In many parts of Greece on August 9, the fierce winds weakened, so the fires were not fanned further. The breather for emergency workers is likely to be short-lived, however, as another heat wave with temperatures of over 40 degrees is on its way — with the potential to worsen the situation.
Forest fires have been raging in Greece for weeks, to the north of Athens and on the island of Euboea in particular. While firefighters are slowly getting a grip on the flames on the mainland, the fires are still blazing on the island of Euboea and also on the Peleponnese Peninsula. But, even in areas where the situation seems to have calmed down, individual embers can quickly reignite. Many people have lost everything. "This was a paradise, with rare trees, peacocks and game," a resident smudged with ashes told a DW correspondent. "Look at it now, a moonscape, everything burned."
Fires in Greece are not unusual during hot summers, but the scale of the 2021 fires is. According to the European Forest Fire Information System (EFFIS), almost twice as many forests had gone up in flames in Greece by August 5 as the average for the years 2008 to 2020. In addition to climate change, the reasons for the destructive flames are complex and often man-made: a carelessly tossed cigarette that smolders on the dry ground, glass shards from a broken bottle that work like magnifying glasses.
World on fire
Some of the fires are said to have been started deliberately to make room for new houses. Severe heat additionally fuels the flames in the truest sense of the word.

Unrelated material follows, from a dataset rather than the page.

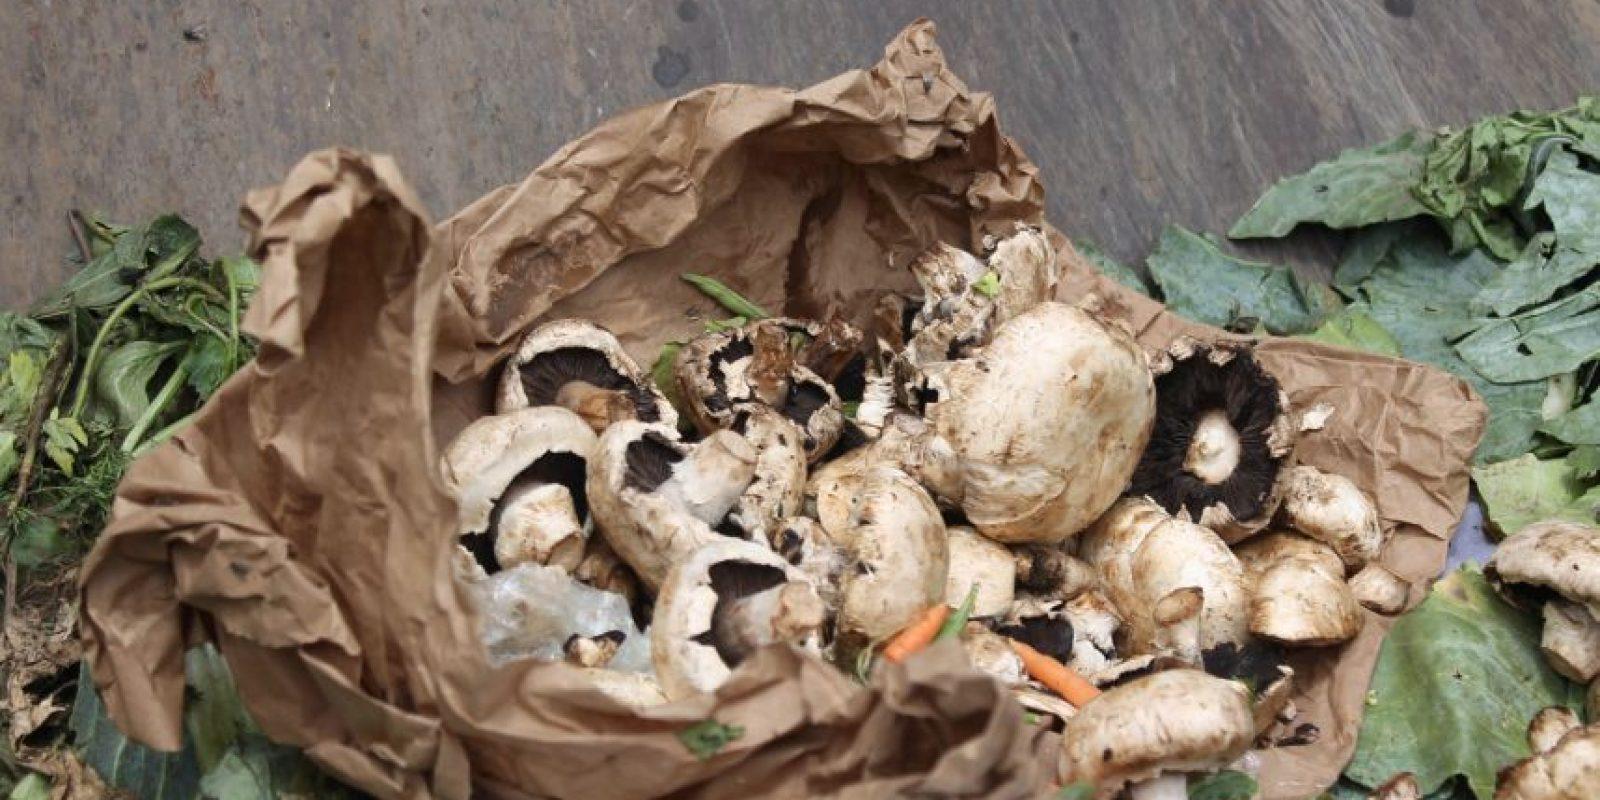 En los contenedores se pueden encontrar toda clase de alimentos. Foto:Sofía Toscano-Publimetro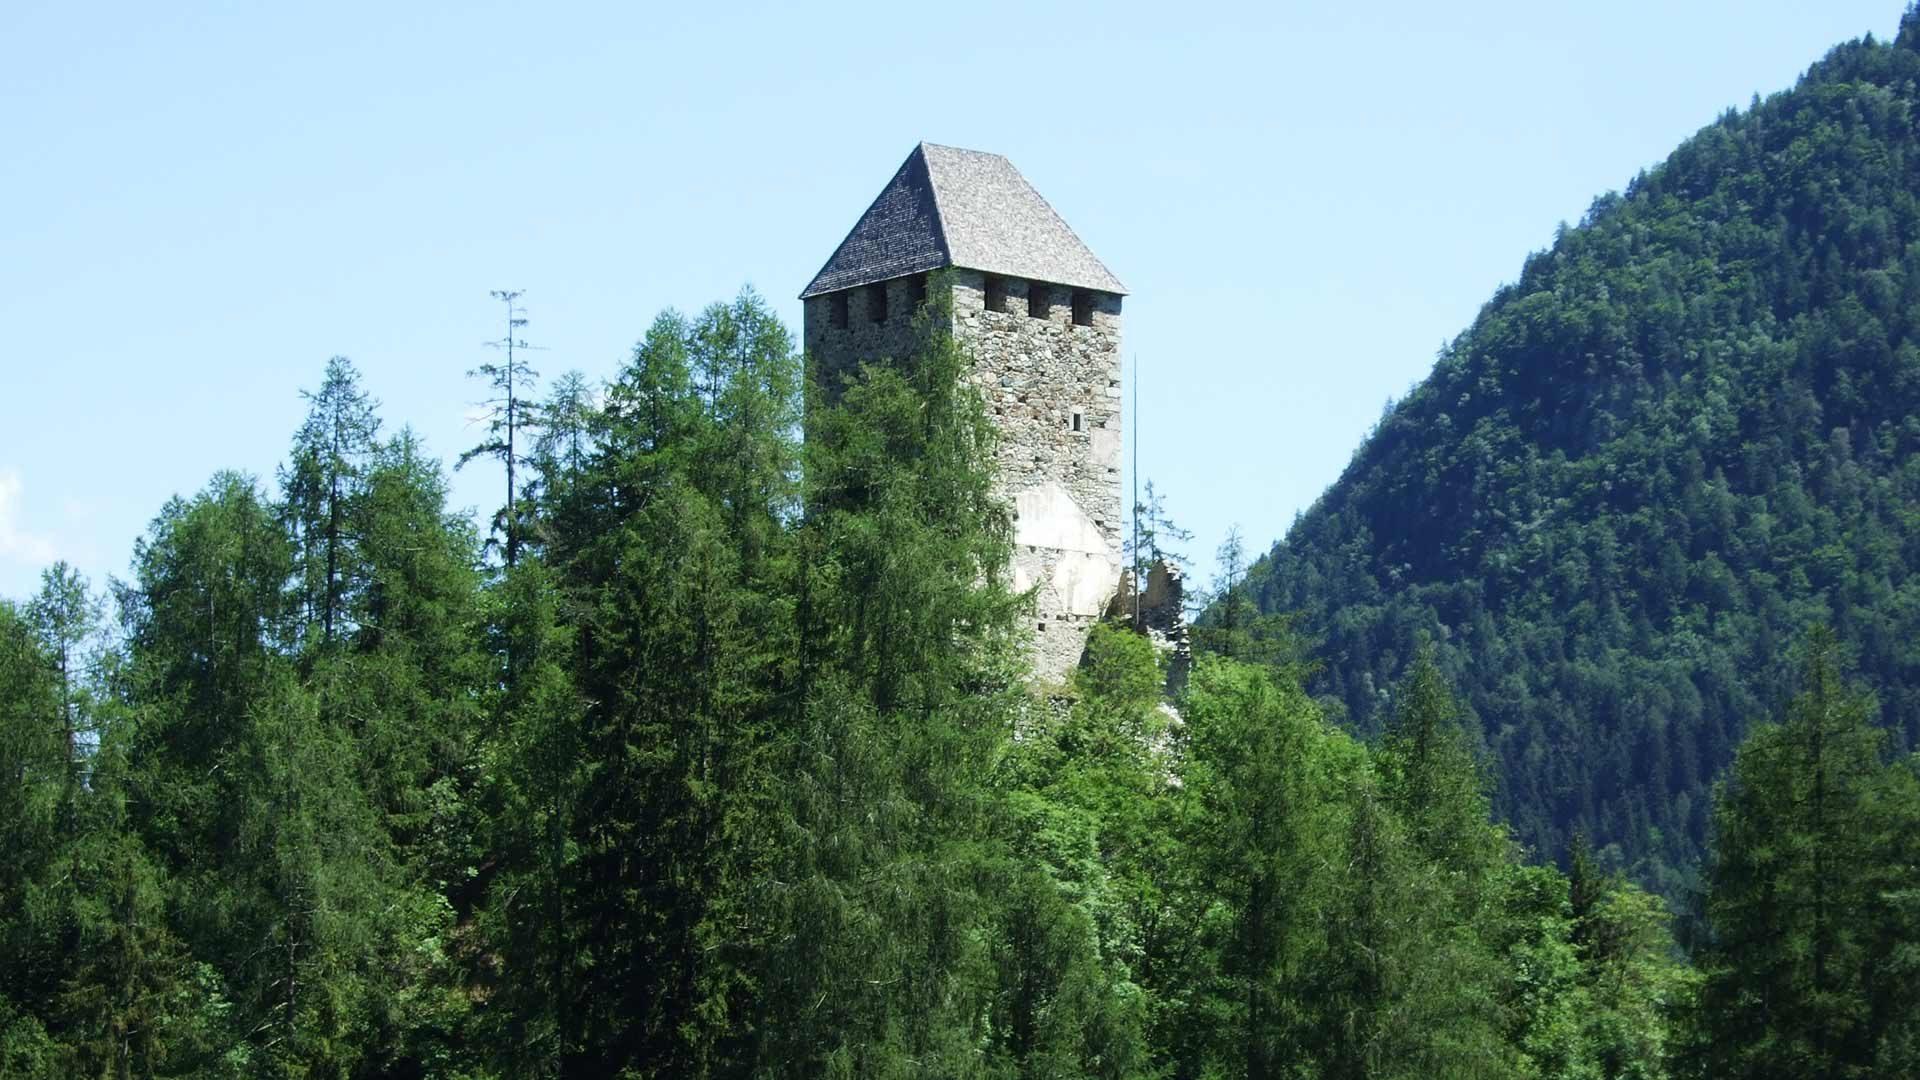 Naturlehrpfad Eschenlohe

Droughts, fires and floods are making life increasingly difficult in many regions of the world. Firefighters in Mediterranean nations including Italy, Turkey, North Macedonia, Bulgaria and the Balkans have also been trying to contain the fires for weeks. Turkish President Recep Tayyip Erdogan called the fires the worst in his country's history.
Fires are raging on the U.S. West Coast, in Canada and in Russia, where the forestry protection agency has recorded about 240 fires on about 3.5 million hectares (8.65 million acres) on August 9 — an area as large as the German state of Baden-Württemberg. The Yakutia region is particularly affected. Smoke is drifting south, to the border with Mongolia. The wildfire smoke has meanwhile reached the North Pole, a first in recorded history, according to the U.S. space agency, NASA.
In Northern California emergency services are battling the Dixie Fire. With over 80,000 hectares burned, it is the second-largest fire in California history, authorities say. "It was like driving out of a war zone that you see in a movie," Tami Kugler, who fled Greenville and now lives in a tent at an evacuation station, told the AFP news agency. The historic Gold Rush-era town of Greenville was completely destroyed. Fires are not uncommon on the U.S. West Coast either, but the unrelenting heat has made the region particularly vulnerable to fire.
'Our future'
According to the latest Intergovernmental Panel on Climate Change report, extreme weather events such as droughts will become more frequent in the future. Climate researchers have long agreed that advancing global warming significantly increases the likelihood of extreme weather. Warmer air in the Mediterranean region, for instance, can cause the air to absorb more water vapor, which in turn falls to the ground in the form of heavy rains that can lead to severe flooding — which happened just recently in the German states of North Rhine-Westphalia and Rhineland-Palatinate, as well as in Belgium. "Extreme weather is now part of our future," Levke Caesar, a climate researcher at Maynooth University in Ireland, told DW .
China, India and Myanmar are also struggling with severe flooding. Days of rainfall led to severe flooding in the central Chinese province of Henan, many people died, and hundreds of thousands lost their homes. The monsoon in India was more severe than it had been for decades. More than 40 people were killed in a landslide alone. In Myanmar, too, people are fighting the murky floods. In Bangladesh, villages housing Rohingya refugees were flooded.
African countries are also battling floods. Lagos, Nigeria's economic hub, was flooded in July. The growing city's sewage system is inadequate. In South Sudan, about 90,000 people have been affected by flooding following heavy rains, the U.N. Office for the Coordination of Humanitarian Affairs (OCHA) announced a few days ago, prompting thousands of people to flee.